With the first module done in summary the following commands and concepts have been touched.

Item Description Resource

git init

Initialize an empty directory or existing project

man git-init

git add

Add file to the staging area to be included in the next commit.

man git-add

git commit

Send files from the staging area to the object store.

man git-commit

git status

Display the status of the current working directory.

man git-status

git mv

Move files and directories.

man git-mv

git rm

Remove tracked files.

man git-rm

git log

Display the commit history of the repository.

man git-log

git show

Inspect various objects.

man git-show

.gitignore

Dot file to tell git which file / file patterns never to track.

man gitignore

Module 3 - Remote repositories

Goals

Pretty soon after using git for the first time one encounters remote repositories. This module shows the basics on how to interact with them. It is an introduction into the basic commands. To avoid conflicts each student is creating their own repository and working from it.

  • Download or clone a remote repository.

  • Add content to the repository.

  • Learn about origin.

  • Push the changes.

  • Pull changes made outside of the working directory.

Create a bare repo

Creating a bare repo is an advanced topic but for the purpose of working with a local shared bare repository it is included. To distinguish bare repositories from local ones the naming convention is to suffix it with .git.

git init

$ git init --shared --bare remote-repo.git (1) (2)
Initialized empty shared Git repository in .../remote-repo.git/
1 --shared specifies the Git repository can be shared amongst several users.

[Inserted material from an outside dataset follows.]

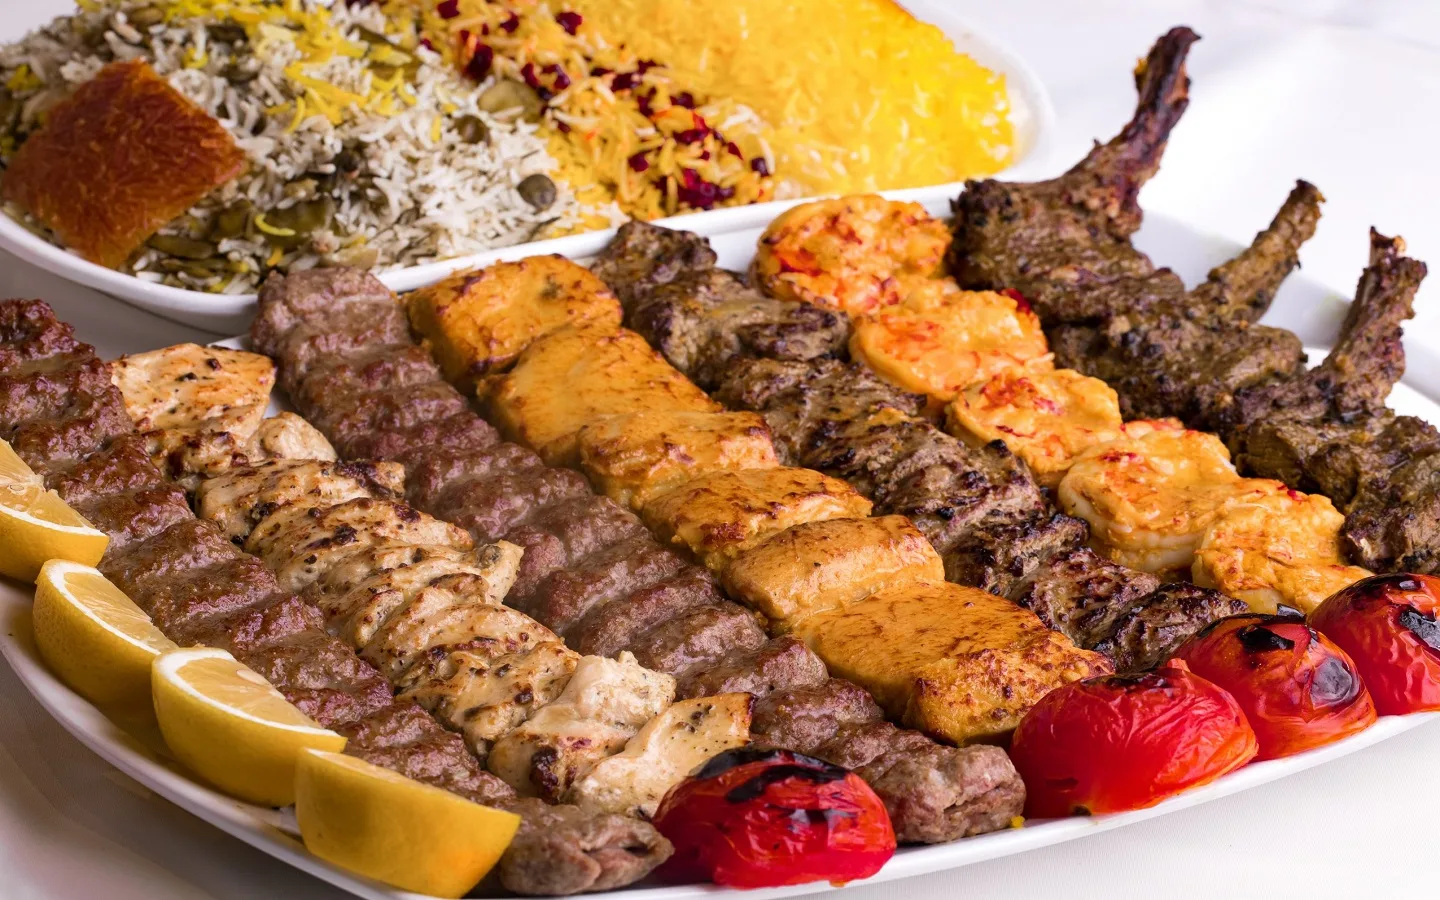 Best Iranian Restaurants in Dubai

Users belonging to the same group may push into that repository.
2 The naming convention for bare repositories is to suffix it with .git.

Working with remote repository

To create a local copy of a remote or shared repository the clone command is used.

In general one would clone a remote repository over a protocol like HTTPS or ssh. A shared source tree can also reside on the local drive the syntax is only slightly different.

git clone

$ git clone remote-repo.git (1) (2)
Cloning into 'remote-repo'...
warning: You appear to have cloned an empty repository.
done.
1 The command to create a copy locally is clone. Generally a shared repository is suffixed with a .git extension. The cloned directory is missing said suffix.
2 To place the clone into a directory not named remote-repo append the name of the desired destination. e.g. git clone remote-repo.git local-repo.

origin

When cloning a repository per default the configuration has 4 additions not seen in a simple local repository. It is a remote URL alias as origin. While the name origin is not binding it is the default and is rarely changed. This configuration is used when pushing changes back into the shared directory.

$ git config --list
user.email=urs++git@bun.ch
user.name=Urs Roesch
core.repositoryformatversion=0
core.filemode=true
core.bare=false
core.logallrefupdates=true
remote.origin.url=.../remote-repo.git (1)
remote.origin.fetch=+refs/heads/*:refs/remotes/origin/* (2)
branch.main.remote=origin (3)
branch.main.merge=refs/heads/main (4)
1 Compared to the initial configuration in the local repository there is new the remote.origin.url values pointing to the shared repository’s URL. This can be a file resource like in this case, http, ssh or git.
2 Configures the mapping between the local and remote repository when git fetch is issued.
3 Sets the branch main for remote in this case it is called origin.
4 Sets the merge branch when pulling from a repository.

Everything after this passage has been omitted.